Barbara Radisavljevic (author) from Paso Robles, CA on December 22, 2014:
It's amazing, Pamela, that you can know someone for forty years and never know about how they celebrate Christmas. Everyone just did their own family thing on Christmas and never really thought about how friends from other cultures spent Christmas Day.
JoyfulPamela2 from Pennsylvania, USA on December 01, 2014:
Wow! This sounds so exciting, Barb! Thanks for sharing your experience.
Barbara Radisavljevic (author) from Paso Robles, CA on January 03, 2013:
@kimark421: Good luck. I hope you have lots of help if you're going to try the traditional way.
kimark421 on January 03, 2013:
I had never heard of it before. Now I am going to have to try it. Thanks for the great lens!
Darcie French from Abbotsford, BC on December 31, 2012:
Love to Sandy in Heaven <3
Barbara Radisavljevic (author) from Paso Robles, CA on December 11, 2012:
@jd1797: If you're going to do it this way, I hope you've got lots of help. There were 50 people there the day I watched this.
jd1797 on December 10, 2012:
My grandma is Japanese and we ate mochi every year at New Years. Thank you for making this lens!! I can't wait to make some of my own.
Pat Moire from West Village, New York City on October 09, 2012:
When visiting Japan around New Years, storekeepers were pounding mochi with a huge mortar and pestle out in the village square. Sticky, sweet and delicious..
MelonyVaughan on February 24, 2012:
Looks really delicious!
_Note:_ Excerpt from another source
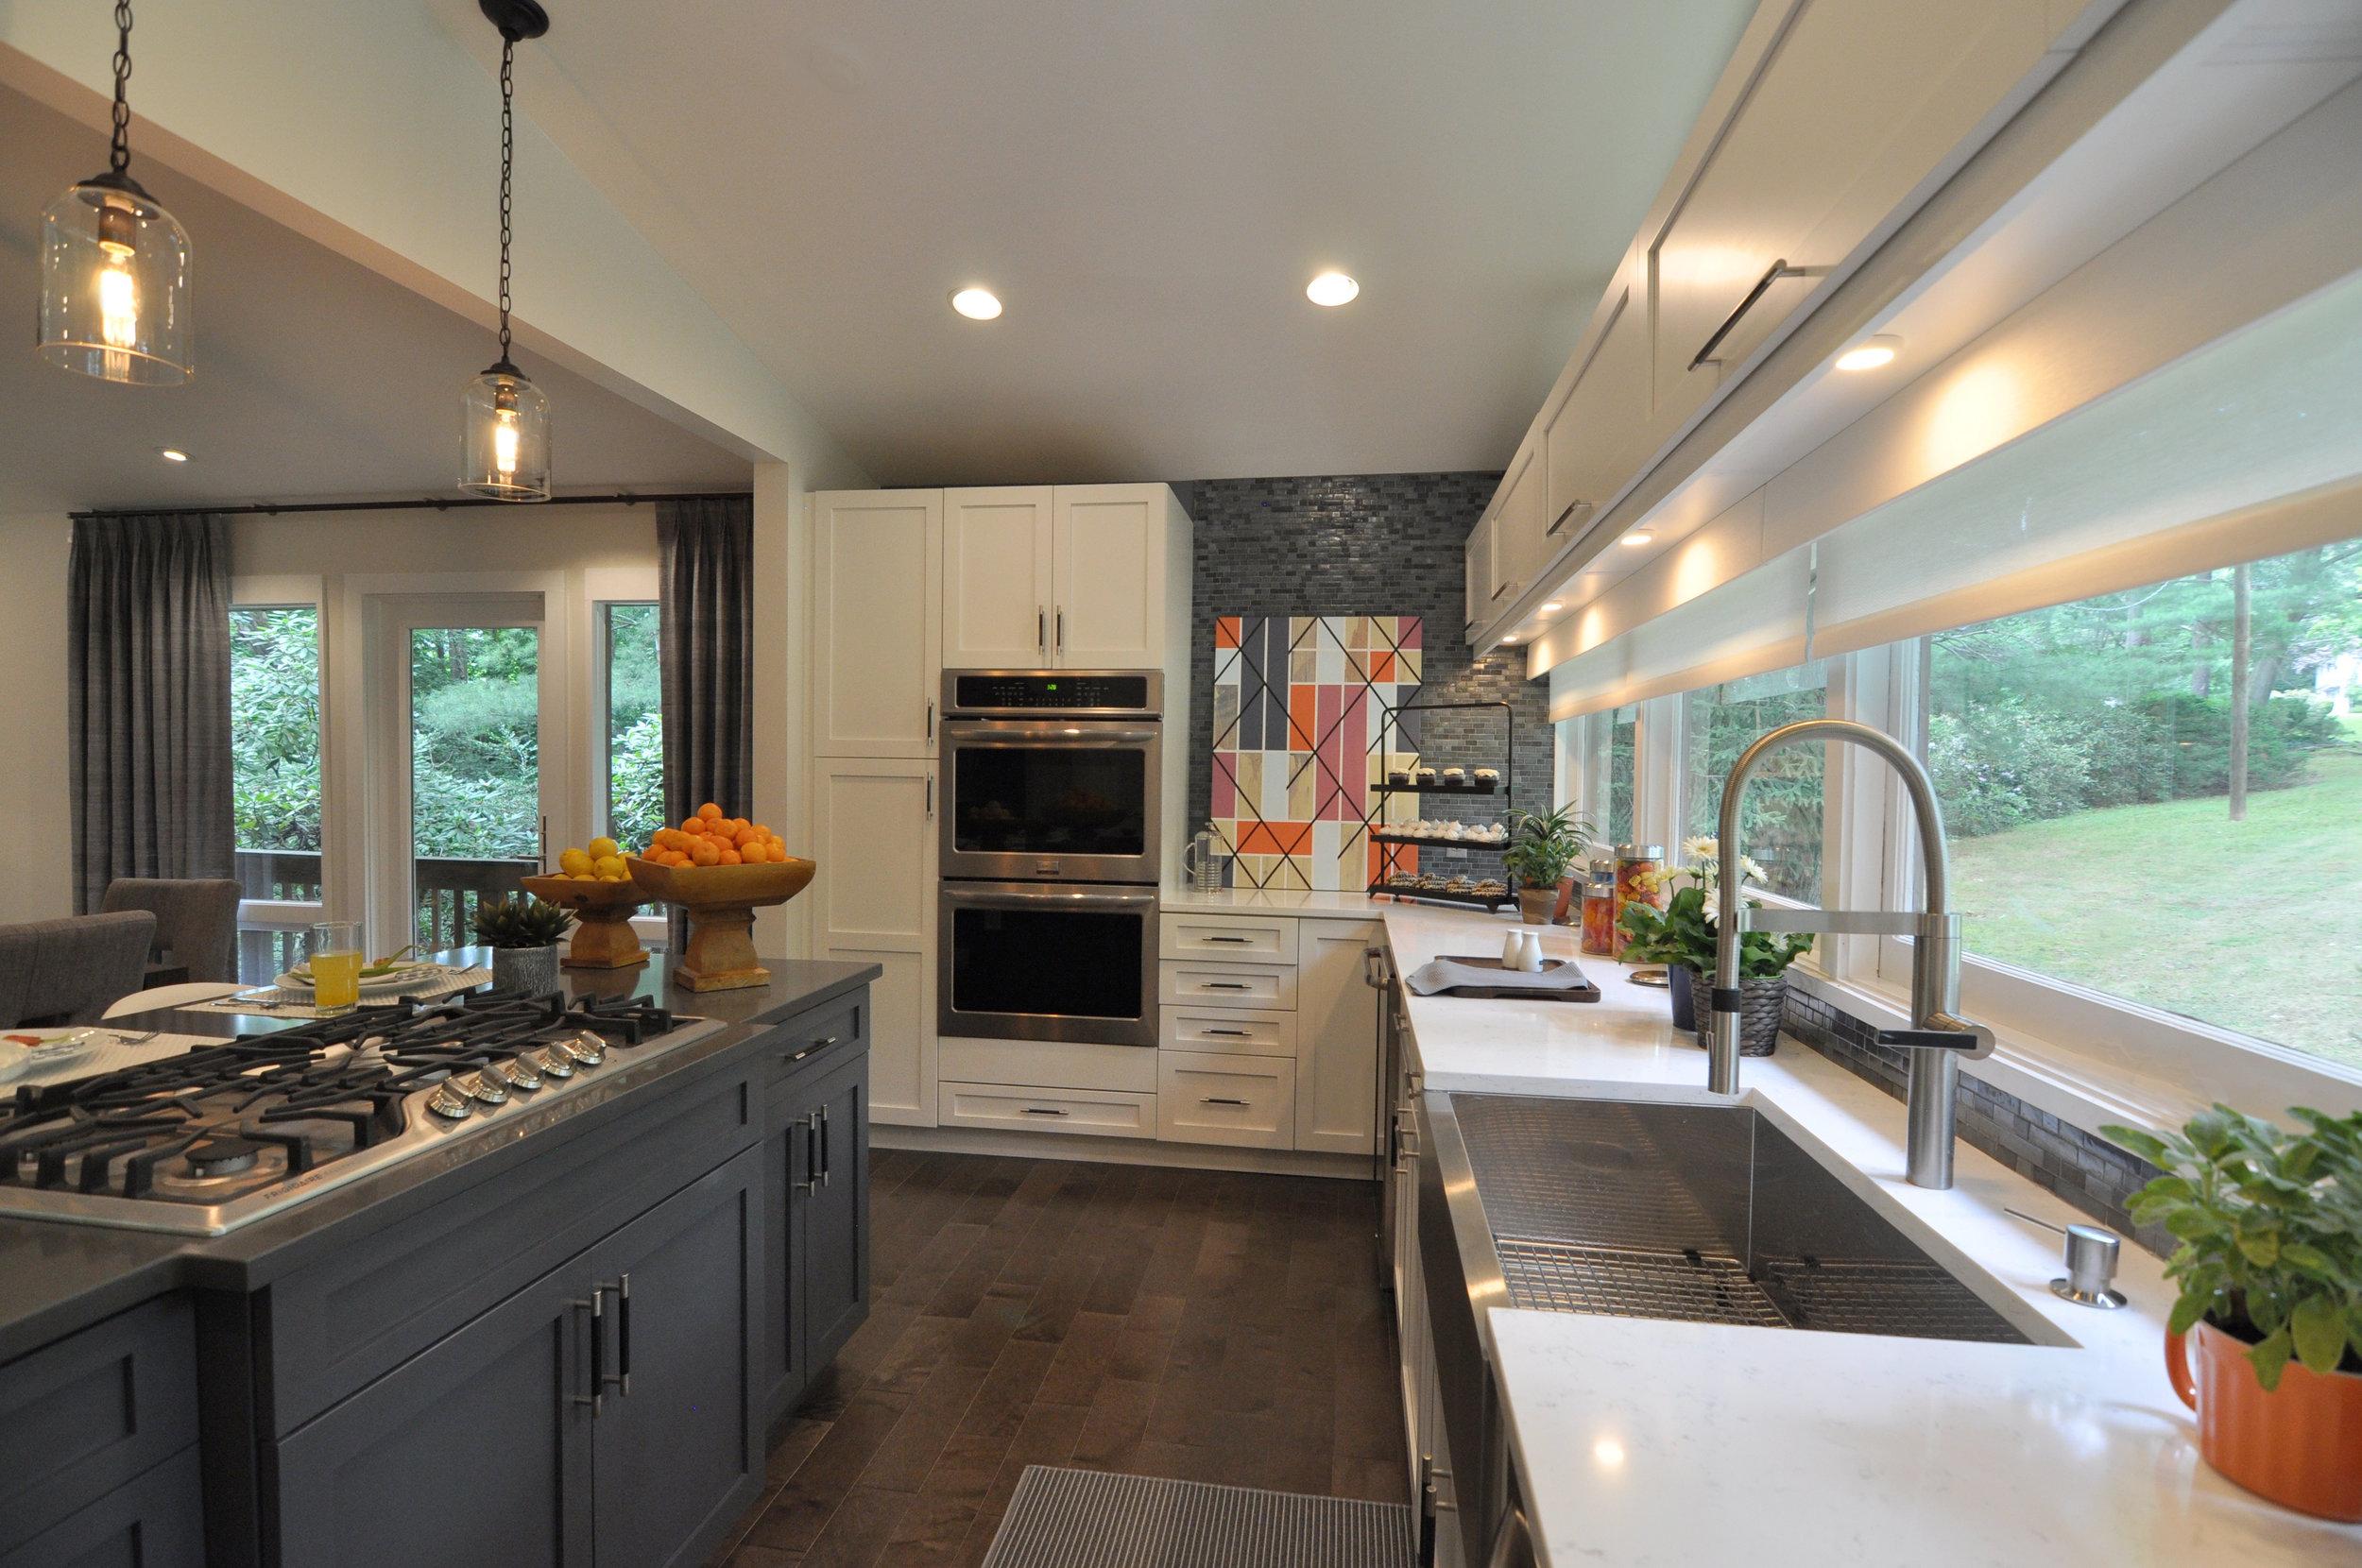 Kim A Mitchell_Design Lead_HGTV_The Property Brothers_Season 6_Episode 9_Modern Kitchen_Blue Glass Backsplash_Dining Room Design_2017.jpg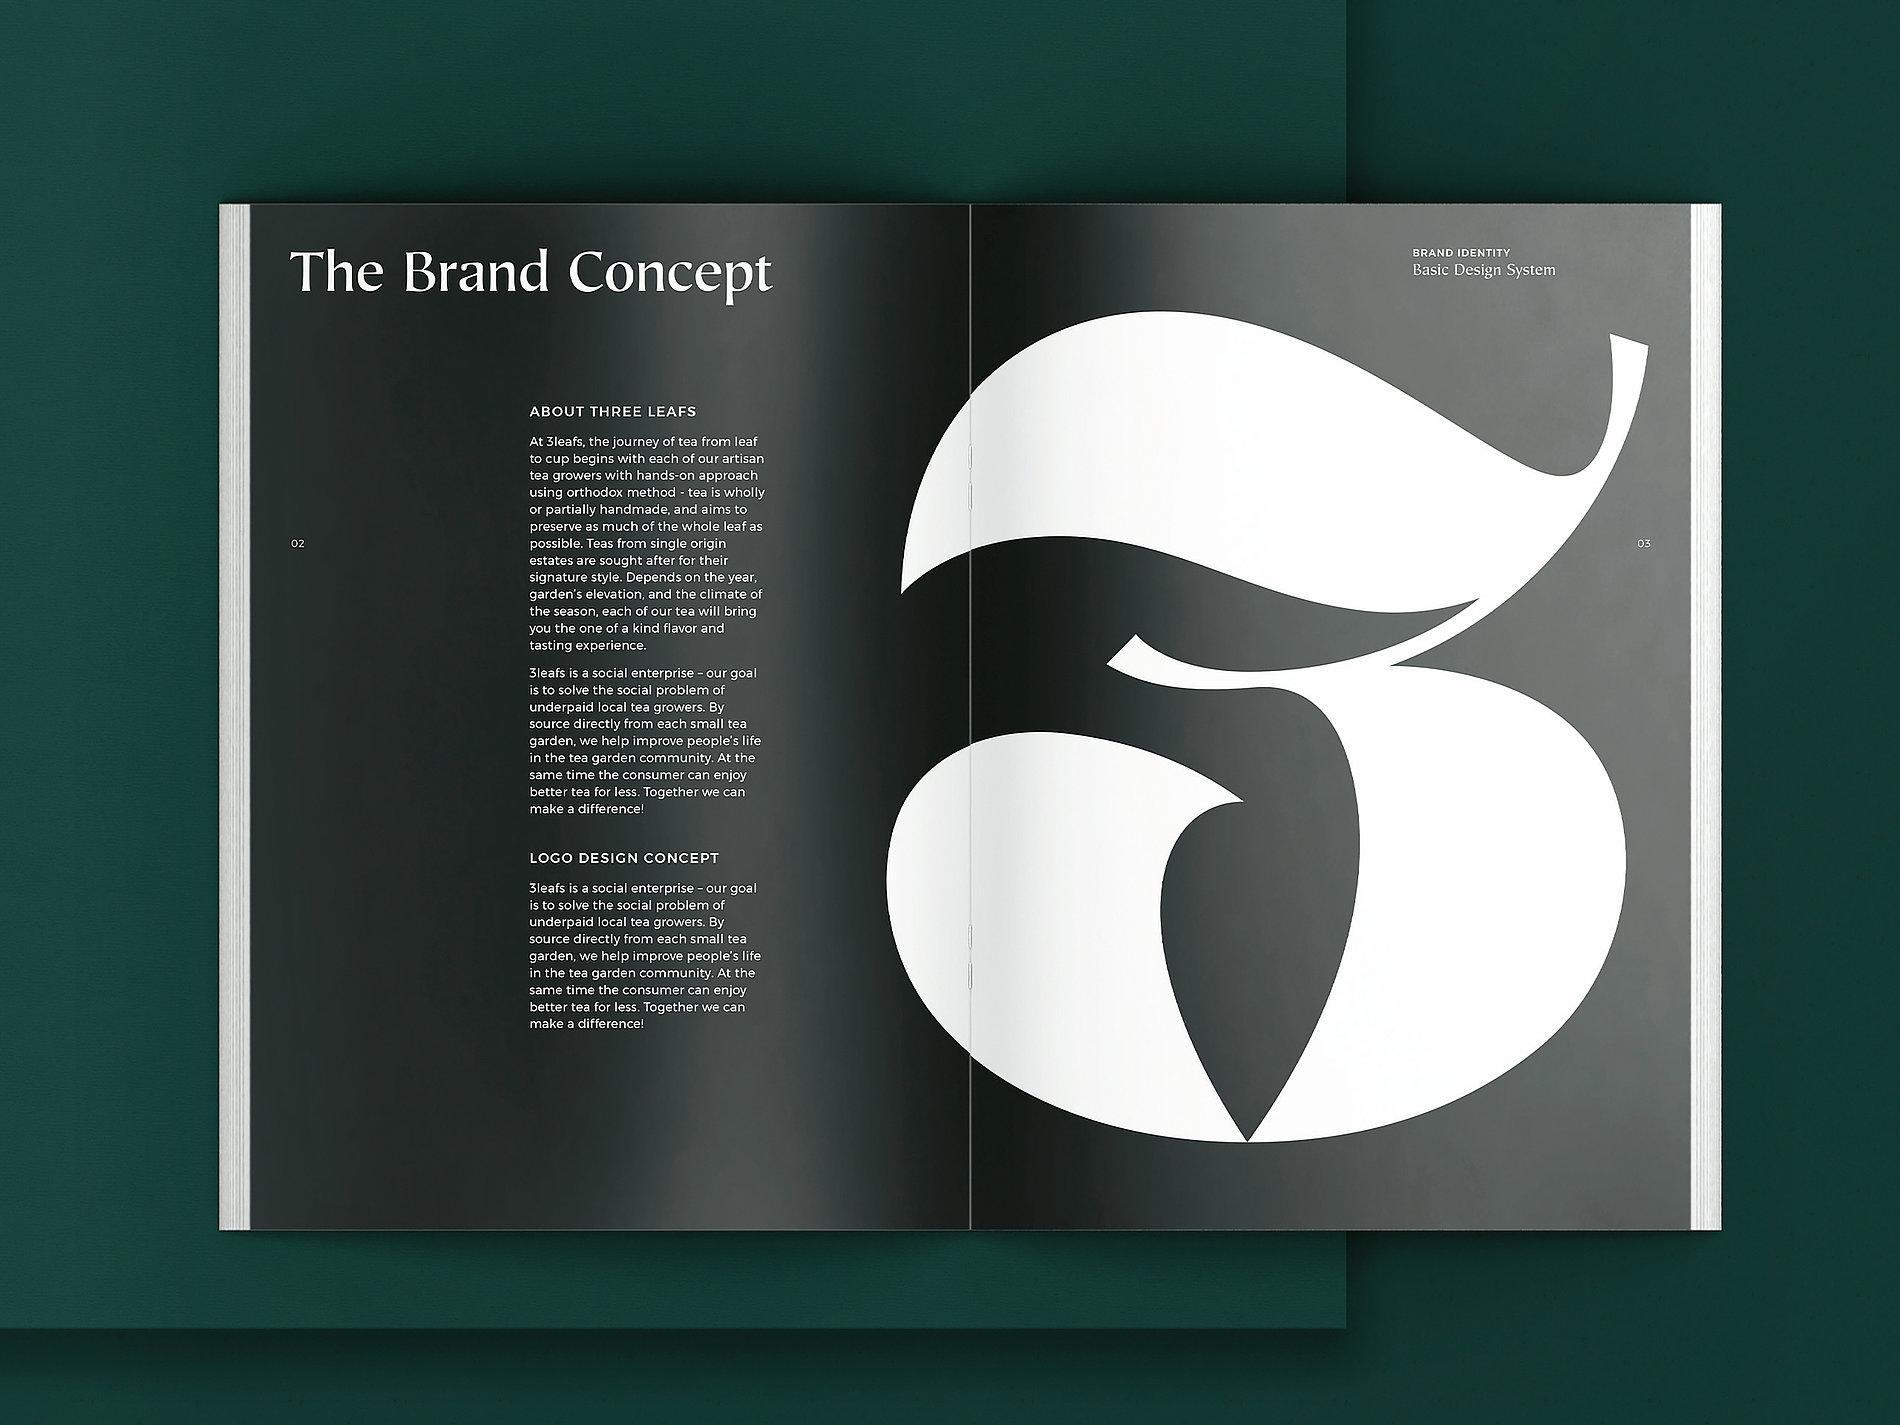 Three Leafs | Red Dot Design Award

I hope to try it some day... Excellent lens! Very kind of you to dedicate this lens to a friend of yours. God bless!
Barbara Radisavljevic (author) from Paso Robles, CA on January 30, 2012:
@DeannaDiaz: Actually, Sandy did get to see it and pass the link to her family members. This lens was published a good ten months before she died. Now it is my memorial to her.
DeannaDiaz on January 30, 2012:
Fantastic lens! Dedicating this lens to your friend Sandy brought tears to my eyes. Beautiful, I'm sure she would love it!
anonymous on January 16, 2012:
I'm reading all kinds of new meals I've never tried, this is one of them but would like to have a bite.
anonymous on January 14, 2012:
Today we pounded mochi as a family with a traditional usu at our local Buddhist temple. We go every year and end up with about three pounds of fresh maru mochi. It's not only a family event for us every year but also for the community. There is nothing like pounding fresh steaming mochi rice under a big old ancient tree while hearing "yoisho!" in between swinging the giant wooden mallets. It's enlightening.